The question was (drum roll please): "Where is n initialized?"   This may be a little confusing because there is no explicit "int n;" declaration anywhere in this program. 

Let's break down what this code is actually doing. First of all, the Enumerable.Range method will produce a sequence of integers, from 0 to 2,147,483,647.  Then the Where method is called. 

Before we talk about what the Where method does, let's take a quick look at the parameter it takes: the lambda expression "n => n < 10".  If you use Intellisense to examine what parameter type the Where method is expecting, you will see "Func<int, bool> predicate".  This is a generic delegate, which takes one parameter (an int) and returns a value (a bool). 

But we are assigning a lambda expression to this delegate...why does that compile?  It's because the underlying type of a lambda expression is a generic Func delegate, so we can pass a lambda expression as a parameter without assigning it to a delegate explicitly. 

Therefore, in our Func<int, bool>, the int is "n" and the bool is "n < 10".  These types are inferred by the compiler and don't need to be declared explicitly.  It might be easier to think of "n => n < 10" as this (which the compiler will translate it into):

 

private static bool LambdaFunction(int n)
{
    return n < 10;
}

 

Now, what is the Where method doing?  It actually calls this lambda function, passing in each non-negative integer (up to 2,147,483,647, from the Range) as “n”, and getting back a Boolean result on whether each is less than 10.  Yes, the lambda expression is called 2,147,483,647 times.  That is the correct behavior of the Where method: to evaluate the predicate for every member of the sequence.  This is not optimal for this particular scenario, but there is nothing that tells the compiler that once you go beyond 10 in the number line, nothing will be less than 10.  (NOTE: there are ways to avoid this if you are processing a sorted sequence with a well-defined cutoff point - use the TakeWhile method instead of Where.)

Also, note that the "Where" method uses deferred execution.  It actually returns an object which stores all of the info needed to run the query, and the query itself isn't executed until the object is enumerated in the "foreach" statement.  Specifically, the Where method just checks its input parameters (so "bad argument" exceptions can be thrown immediately, not deferred) and then returns an enumerator. 
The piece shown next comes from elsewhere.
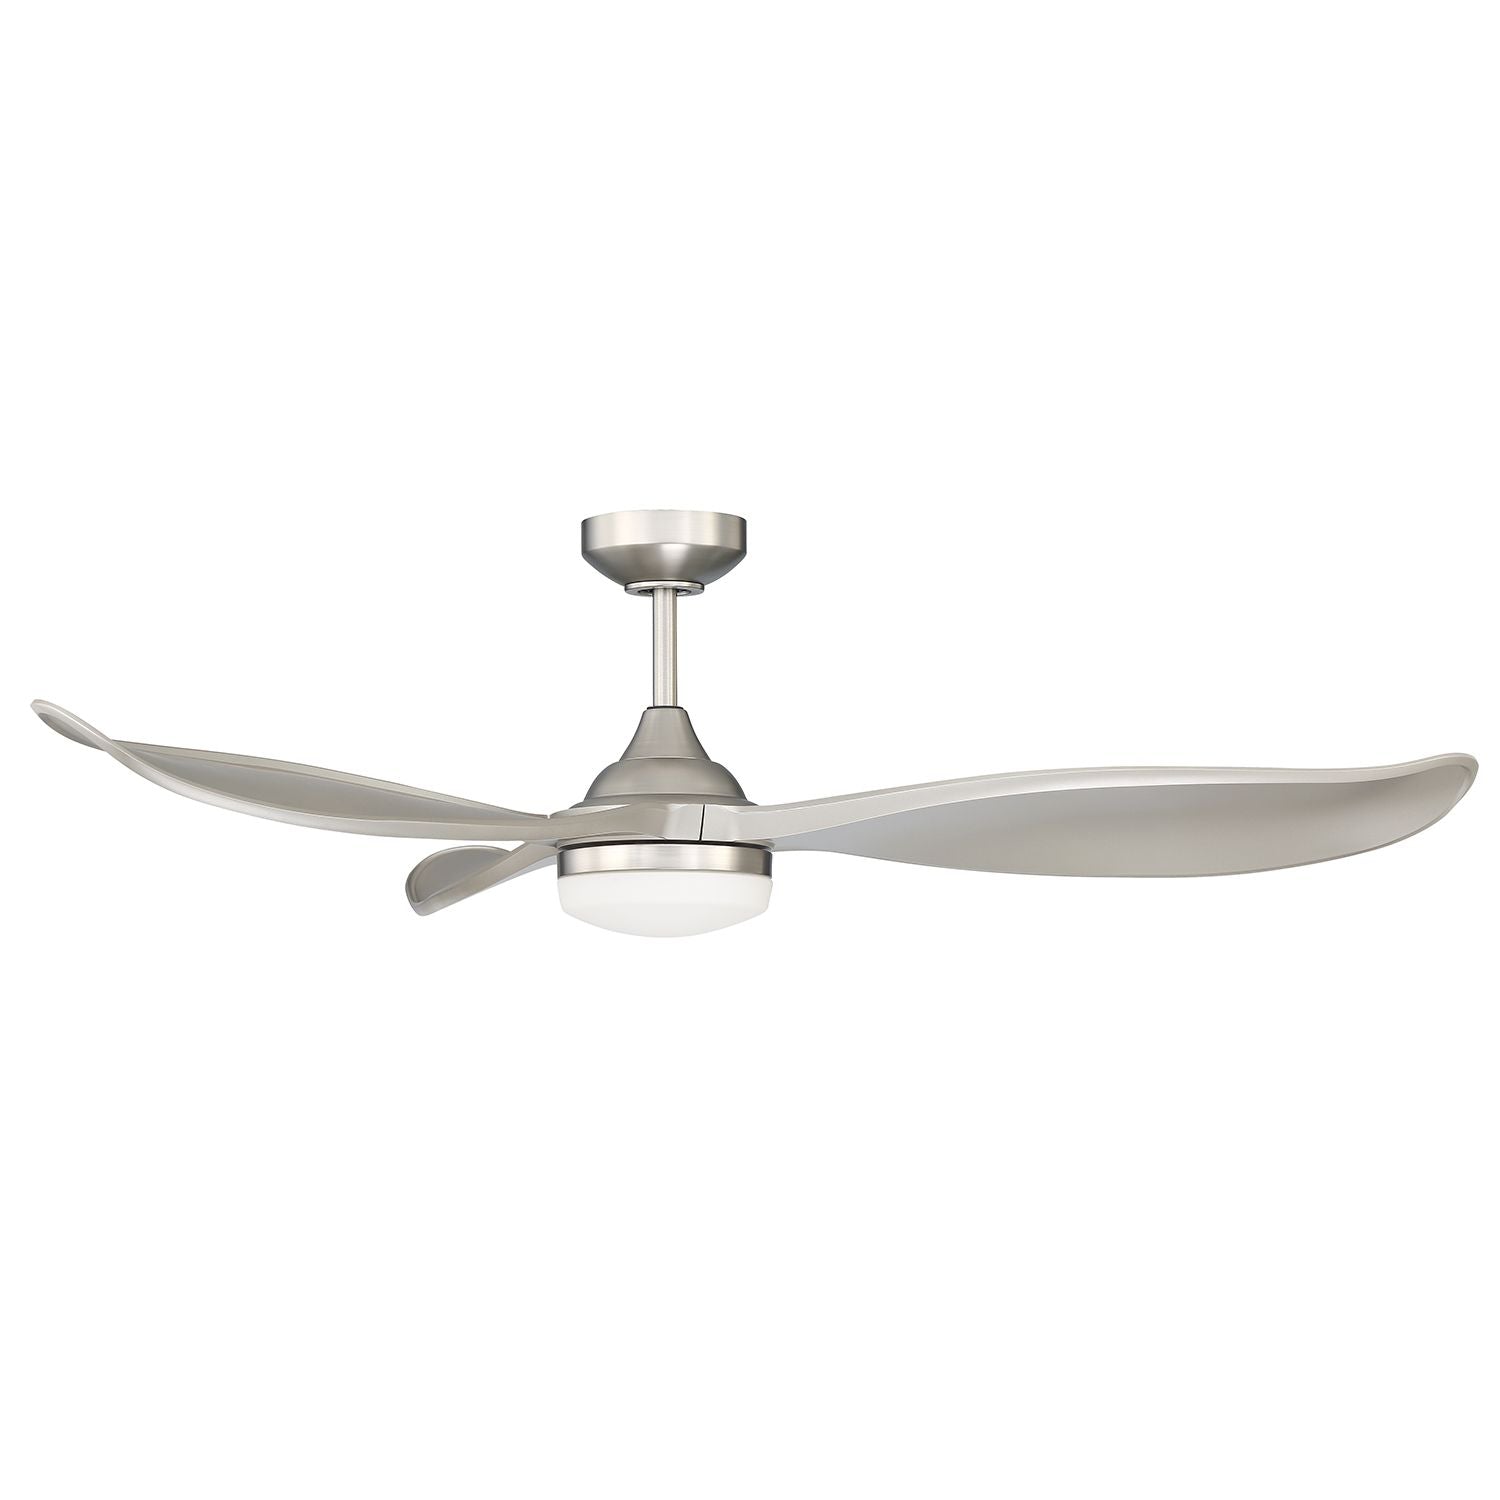 Triax Ceiling Fan Satin Nickel with matching blades

So where is n actually initialized?  The "n" is a parameter to the lambda function.  Again, the actual lambda function would look like this:

 

private static bool LambdaFunction(int n)
{
    return n < 10;
}

 

So "n" is initialized the same way any other function parameter is initialized: by calling the function, a copy of the variable that is passed in will be made. 

Special thanks to Eric Lippert, David Carley, and Wolf Logan for their insights and discussion on implementation details.